We have been using bridges and libvirt VMs for a long time (starting with Ubuntu 16.04). Recently, we have encountered a problem with bridges (on VLAns). We have not yet identified what conditions cause the problem to appear. Some work, some don't.
The problem is that the VM is not able to talk to the upstream router. However, the VM can talk to the bridge on the host. The router also can talk to the bridge on the host. Router, bridge and VM use static IP addresses on the same subnet.
There is a single physical ethernet connection between the router and the host. The bridge uses a VLAN on that link. The bridge normally does not have an IP address on the host - we added it for debugging.
The problem looks like a MAC address conflict on the bridge. The ARP request (broadcast) gets through both ways. The ARP response (distinct destination) gets through to the router, but not to the VM (not seen on bridge).

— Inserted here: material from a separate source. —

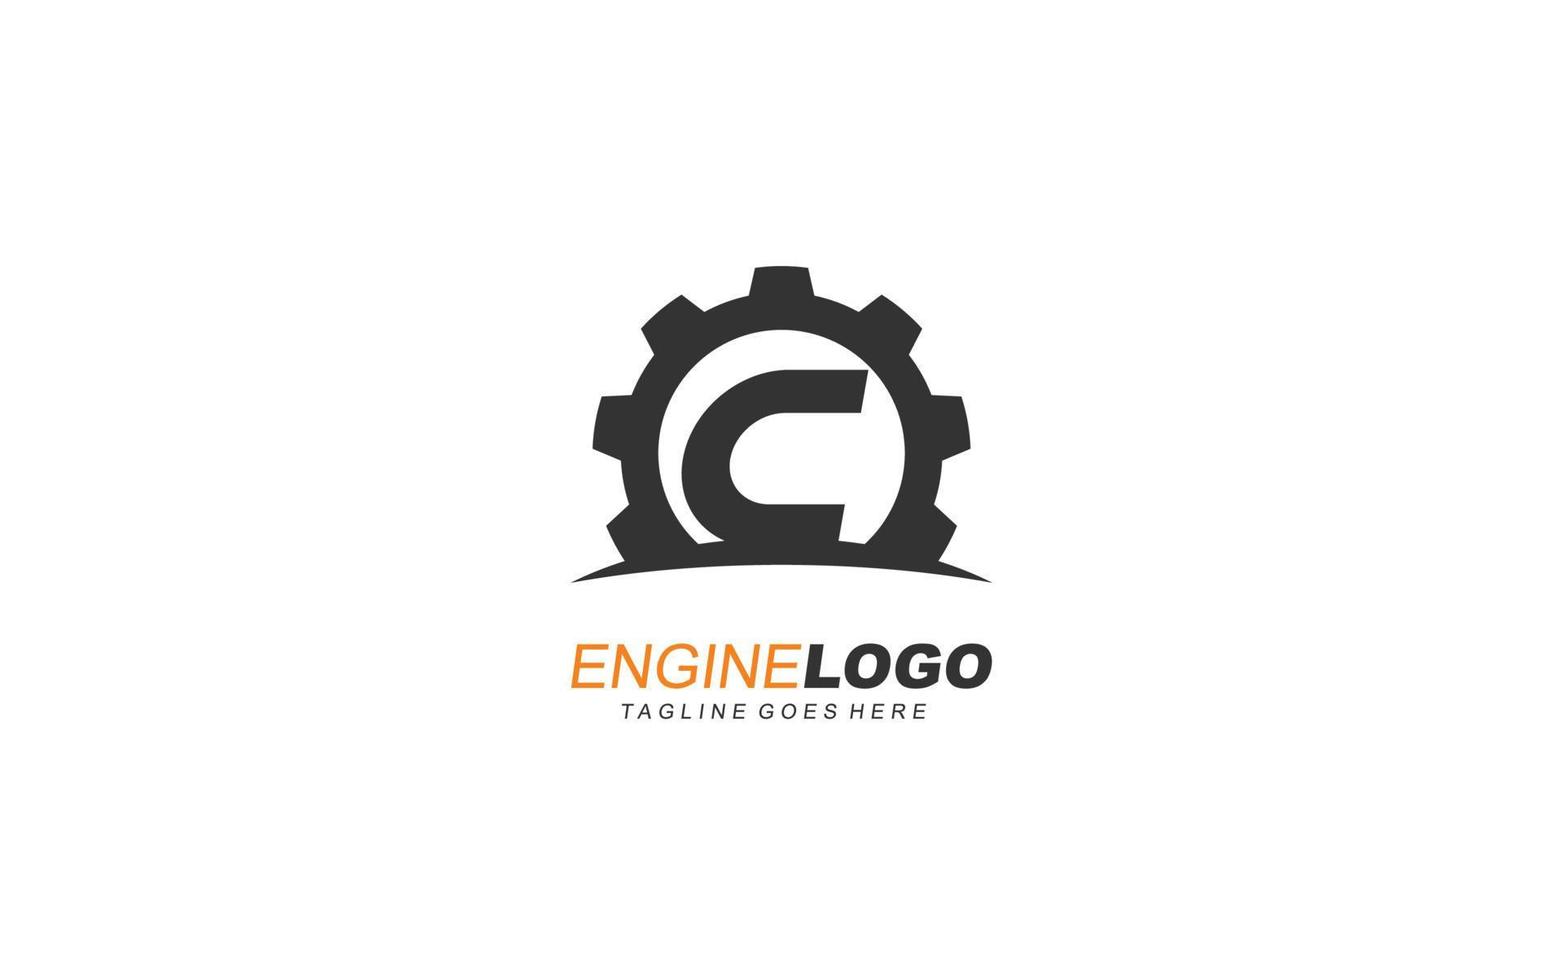 c logo uitrusting voor identiteit. industrieel sjabloon vector illustratie voor uw merk.

We use ifupdown (not netplan). This is for legacy reasons.
The VM is created with virt-install
.
Some of the hosts have been upgraded from Ubuntu 16.04 to 18.04 and then 20.04. Others started with 18.04 or 20.04. The problem seems to be more likely on a direct install of 20.04. It works on one host with 5.4.0-137-generic #154-Ubuntu, but not on another with 5.4.0-146-generic #163-Ubuntu. But we don't know if that is consistent.
On host:
2: wan0: <BROADCAST,MULTICAST,UP,LOWER_UP> mtu 1500 qdisc mq state UP group default qlen 1000
link/ether 48:21:0b:35:ae:51 brd ff:ff:ff:ff:ff:ff
inet 172.16.200.5/26 brd 172.16.200.63 scope global wan0
valid_lft forever preferred_lft forever
inet 172.16.200.6/26 scope global secondary wan0
valid_lft forever preferred_lft forever
inet6 fe80::4a21:bff:fe35:ae51/64 scope link
valid_lft forever preferred_lft forever
11: wan0.202@wan0: <BROADCAST,MULTICAST,UP,LOWER_UP> mtu 1500 qdisc noqueue master br-client state UP group default qlen 1000
link/ether 48:21:0b:35:ae:51 brd ff:ff:ff:ff:ff:ff
9: vnet0: <BROADCAST,MULTICAST,UP,LOWER_UP> mtu 1500 qdisc fq_codel master br-client state UNKNOWN group default qlen 1000
link/ether fe:54:00:6c:23:ef brd ff:ff:ff:ff:ff:ff
inet6 fe80::fc54:ff:fe6c:23ef/64 scope link
valid_lft forever preferred_lft forever
12: br-client: <BROADCAST,MULTICAST,UP,LOWER_UP> mtu 1500 qdisc noqueue state UP group default qlen 1000
link/ether 48:21:0b:35:ae:51 brd ff:ff:ff:ff:ff:ff
inet 192.168.202.231/24 brd 192.168.202.255 scope global br-client
valid_lft forever preferred_lft forever
inet6 fe80::4a21:bff:fe35:ae51/64 scope link
valid_lft forever preferred_lft forever
On VM:
2: enp1s0: <BROADCAST,MULTICAST,UP,LOWER_UP> mtu 1500 qdisc pfifo_fast qlen 1000
link/ether 52:54:00:6c:23:ef brd ff:ff:ff:ff:ff:ff
inet 192.168.202.234/24 brd 192.168.202.255 scope global enp1s0
valid_lft forever preferred_lft forever
inet6 fe80::5054:ff:fe6c:23ef/64 scope link
valid_lft forever preferred_lft forever
libvirt networking on host:
Interface Type Source Model MAC
---------------------------------------------
vnet0 bridge br-client virtio 52:54:00:6c:23:ef
Update:
The physical interface (wan0) on the host seems to not handle frames destined with the VM MAC address. tcpdump on wan0 shows the VLAN frames when the destination is the bridge's MAC address, but tcpdump does not show any VLAN frames with the destination of the VMs MAC address. tcpdump on the router shows that the frames with the VMs MAC are sent on the correct wire.
How is the MAC address of the VM passed to the virtual switch that handles frames from the wire?